On Thursday, Biden said he’d made it clear to Chinese president Xi Jinping that the US will continue to call out China’s human rights abuses. “America values human rights. We don’t always live up to our expectations but it’s a value system. We are founded on that principle,” Biden said.
“And as long as you and your country continues to so blatantly violate human rights, we are going to continue in an unrelenting way to call to the attention of the world and make it clear and make it clear what’s happening,” Biden added.
On Monday, the US announced sanctions against two Chinese government officials for “human rights abuses” against minorities in Xinjiang including of Uyghur Muslims. The European Union also announced its sanctions Monday, naming Zhu Hailun, former head of the Xinjiang Uyghur Autonomous Region (XUAR), and three other top officials.
Ciu told Amanpour that he had been to Xinjiang “more than once in recent years,” saying, “what I saw is a very different story, a very different picture from the reporting.”

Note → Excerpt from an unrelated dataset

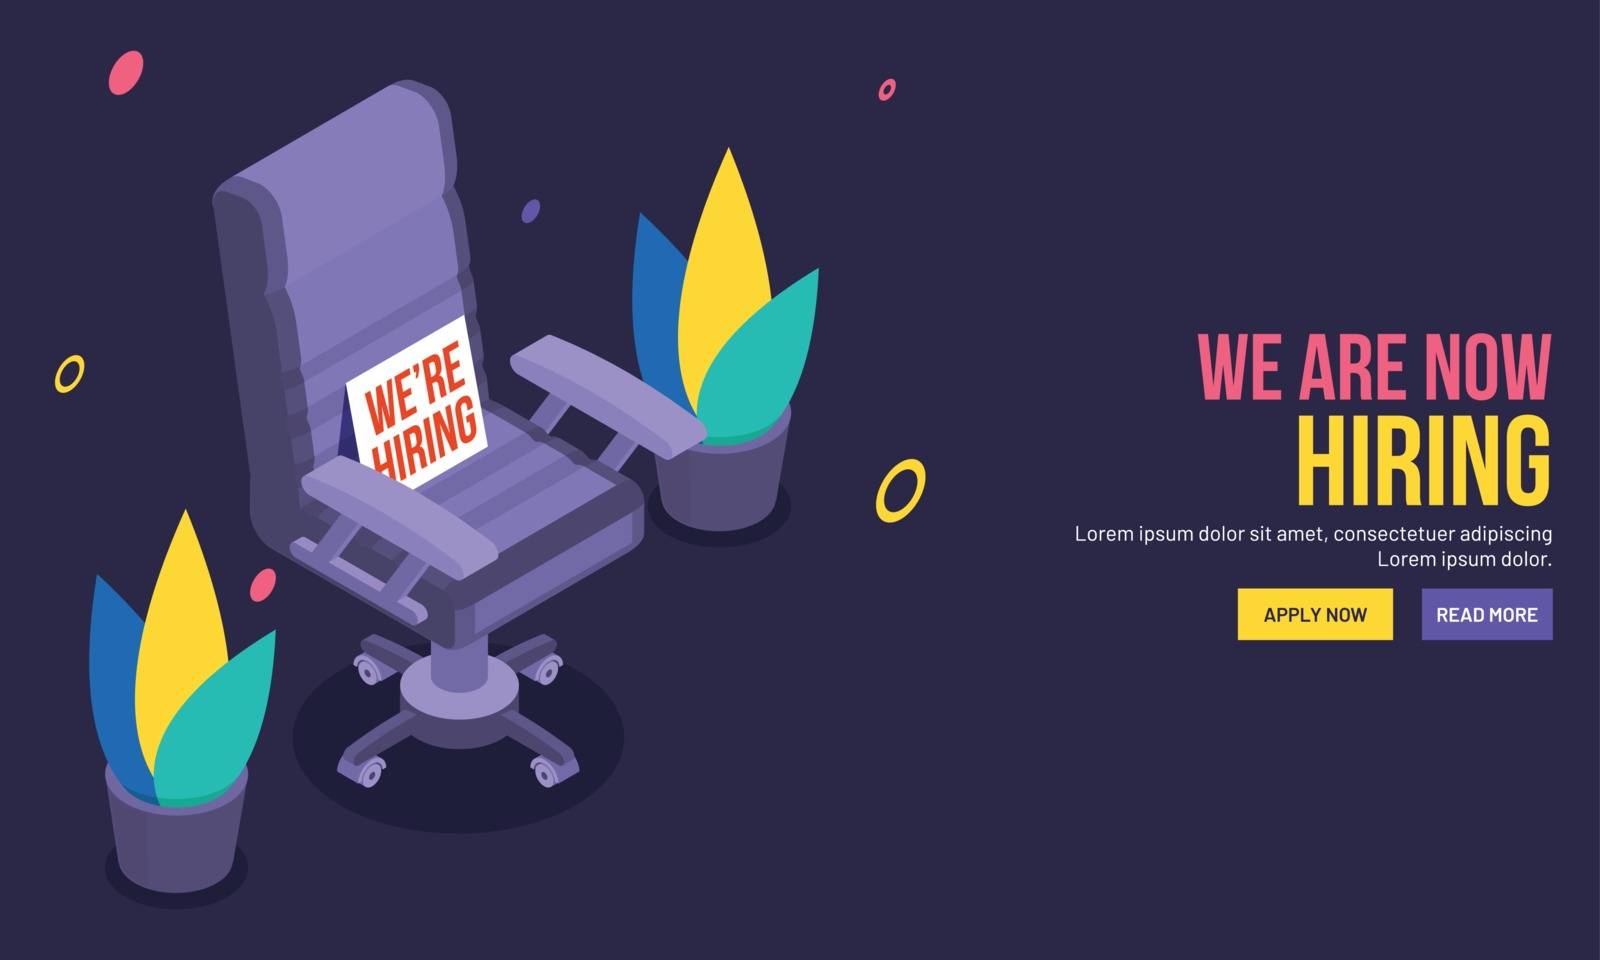 Responsive web template design with illustration of armchair for repotated designation on blue background for We Are Hiring concept.
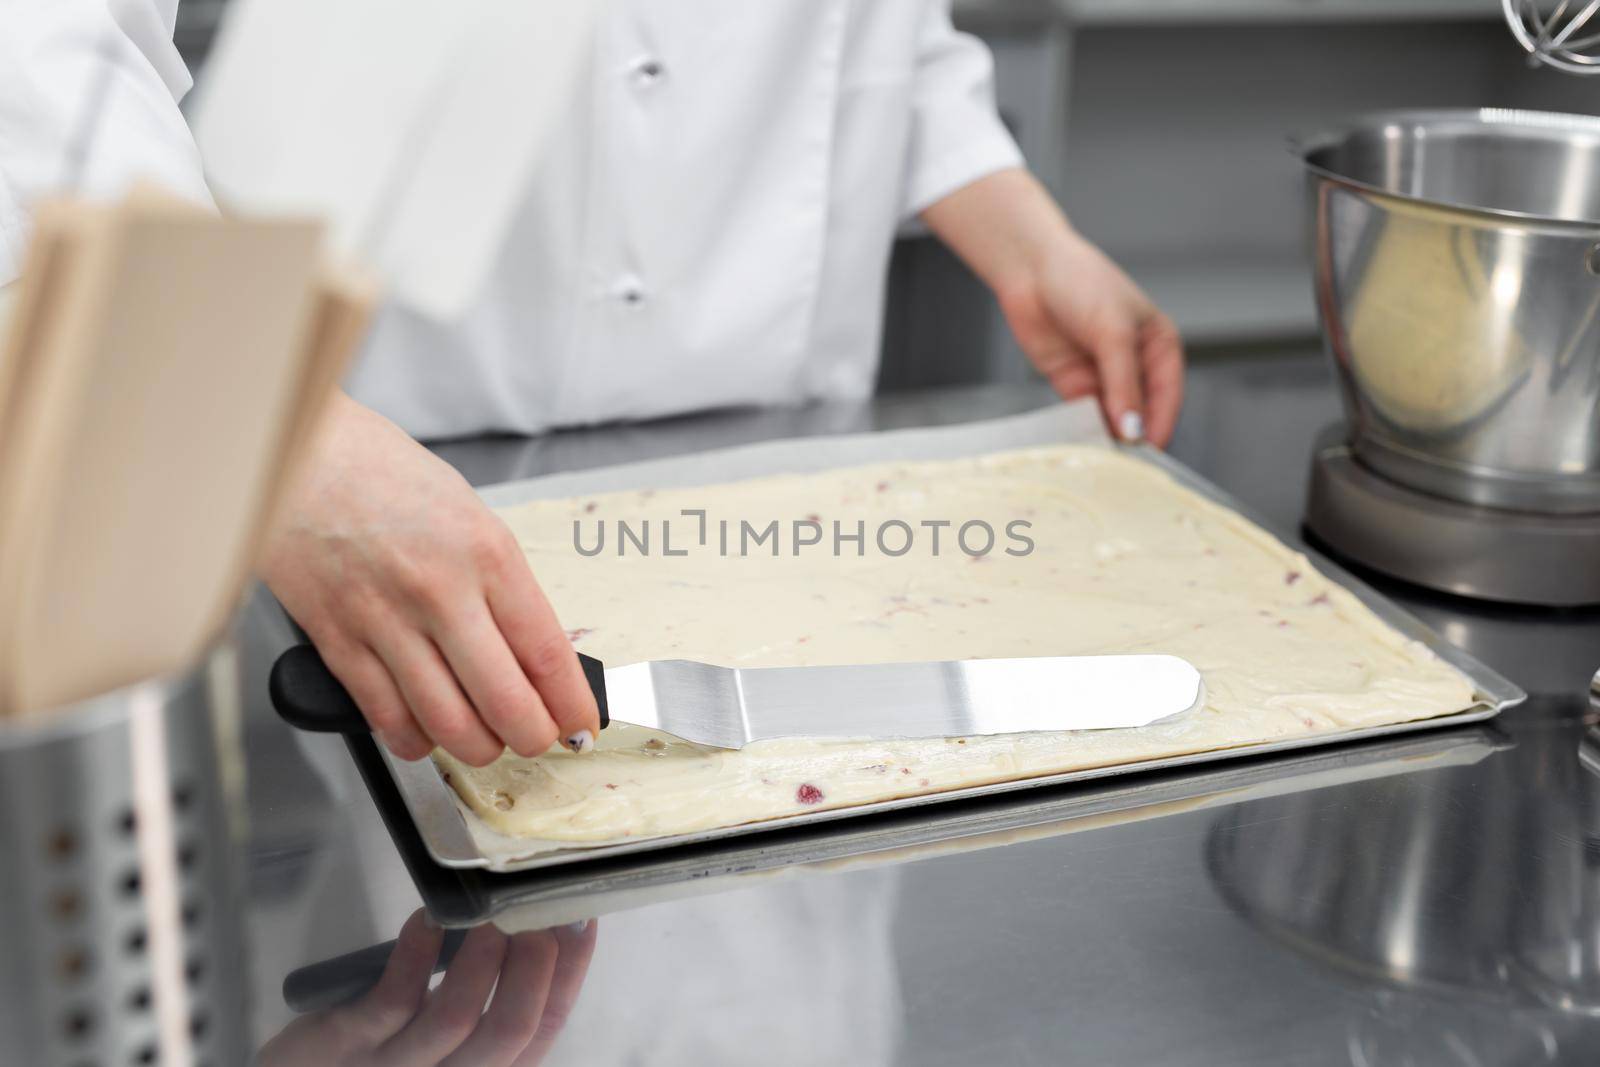 Pastry chef levels the biscuit on parchment before baking by StudioPeace

He added that the first principle set out in the United Nations Charter of sovereign equality of all members, and the obligation of all UN members to refrain from threat or use of force against territorial integrity and political independence of any state, were “rules that every country should follow.”
“So if people are interested in these rules, maybe they should start by reading the Charter first. If people really want to show us the power of example, I would suggest they could very well start with their own compliance with all these truly universally-agreed principles,” he said.